Let this chapter of the Rule of life remind me, gently and kindly, to relax, to awaken into silence and to remain in silence for a few hours before the day begins. I am aware that many – especially parents – are not able to enjoy morning silence and I will endeavor to pray that God forms safe times in their day to rest, pray or meditate. And for those whose poverty is time, I will join the church in praying for God’s provision of time and awareness so that the suffering from that kind of poverty is soothed and reduced. But for me, and my house, we will sit in silence, with a good lit candle each morning.
I need a place for meditation and I will go to that place to meditate – a comfy chair, a cushion, a bed or mat – the space will be different for each of us but a specific space for meditation is important if there is such a luxury of space.
Meditation will not be something about which I stress out. What irony that would be. So I will try to meditate daily but if I don’t I will not scold myself. Mediation can happen at a bus stop, in an office, at a stop sign (if there is no car behind you.) But I will try to remember how great I feel when I take even a few minutes to stop words in my head and make space for God do sit with me and stroke my hair.
A retreat day monthly and a retreat of 10 days annually will be part of my Rule of life. It feels like a responsibility just like my desire that the pilot flying my plane has taken a day or so a month and a week or so a year to learn new flight technology. Being a priest who does not pray and meditate simply seems like a dangerous thing for the people in the congregation I serve. It seems that the people with whom I am working a s a priest, deserve a priest who prays. Furthermore, it seems that without prayer and meditation, I will be impaired in discernment and discretion – my “yes” and my “no” to what is said and suggested around me.

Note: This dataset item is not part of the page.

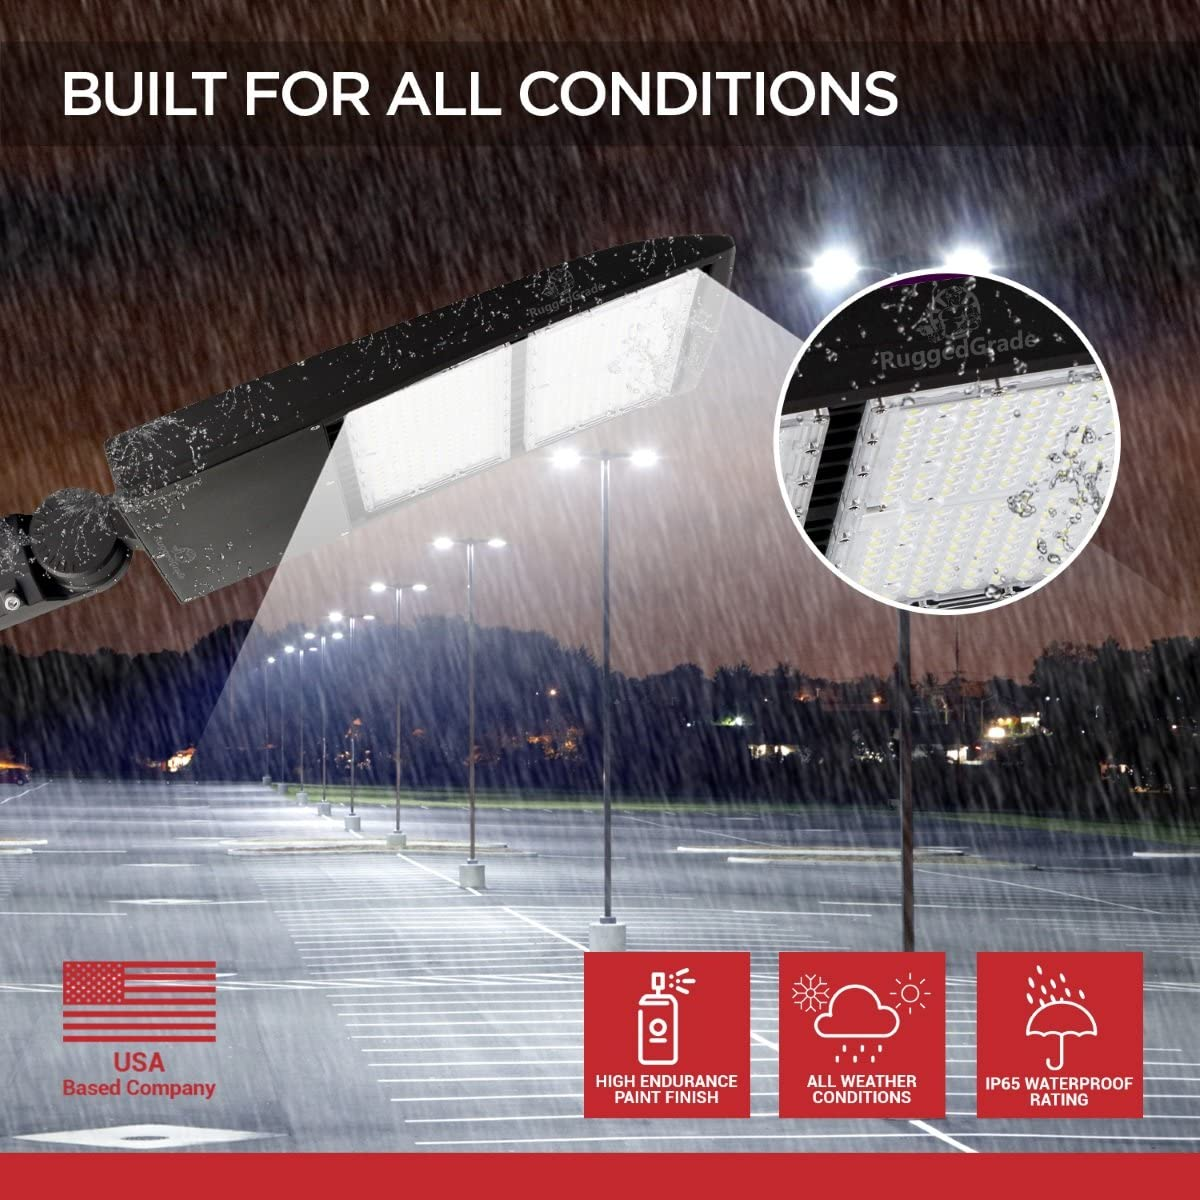 300 Watt NextGen II LED Parking Lot Lights NO photocell Slip Fit Mount Replaces 1000W Halide Super Efficiency 135 Lumen to Watt 5000K Bright White LED Shoebox Lights 40,500 Lumen
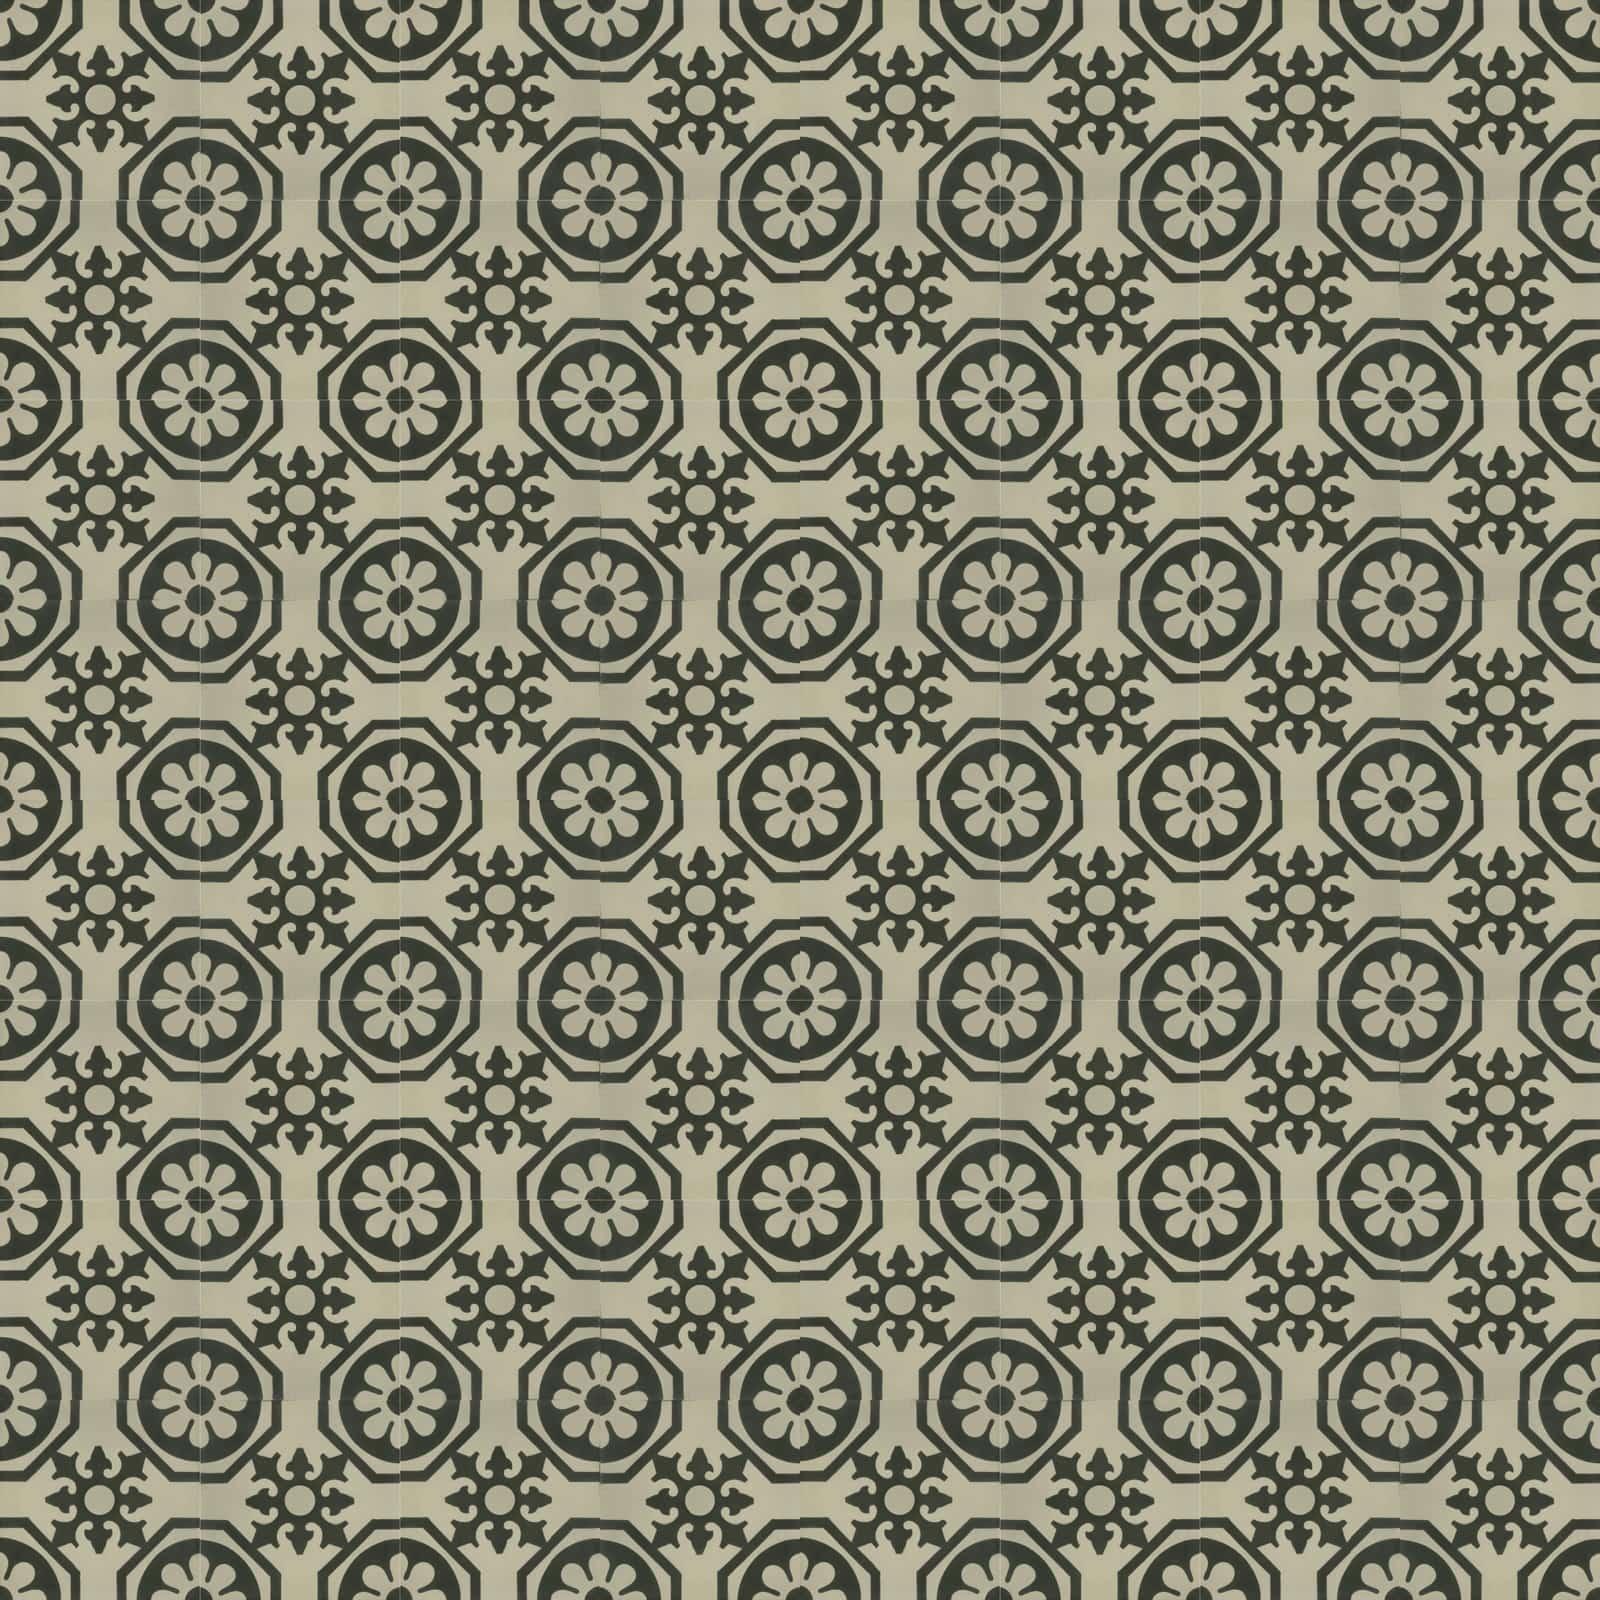 51102_verlegemuster-viaplatten | 51102

I will use my phone app, set it for bells to begin and end my meditation, and then sit for it, gently setting aside thoughts which clamor to be heard. They can be heard later. And they will. But for now, me, my God and this candle will sit and simply be together. I believe that the peace I inspire in my self through my spiritual practice, contributes, just a bit, to world peace and church peace. And I believe that if we all did this internal cleansing and seeing, we would achieve amazing things for God’s kingdom.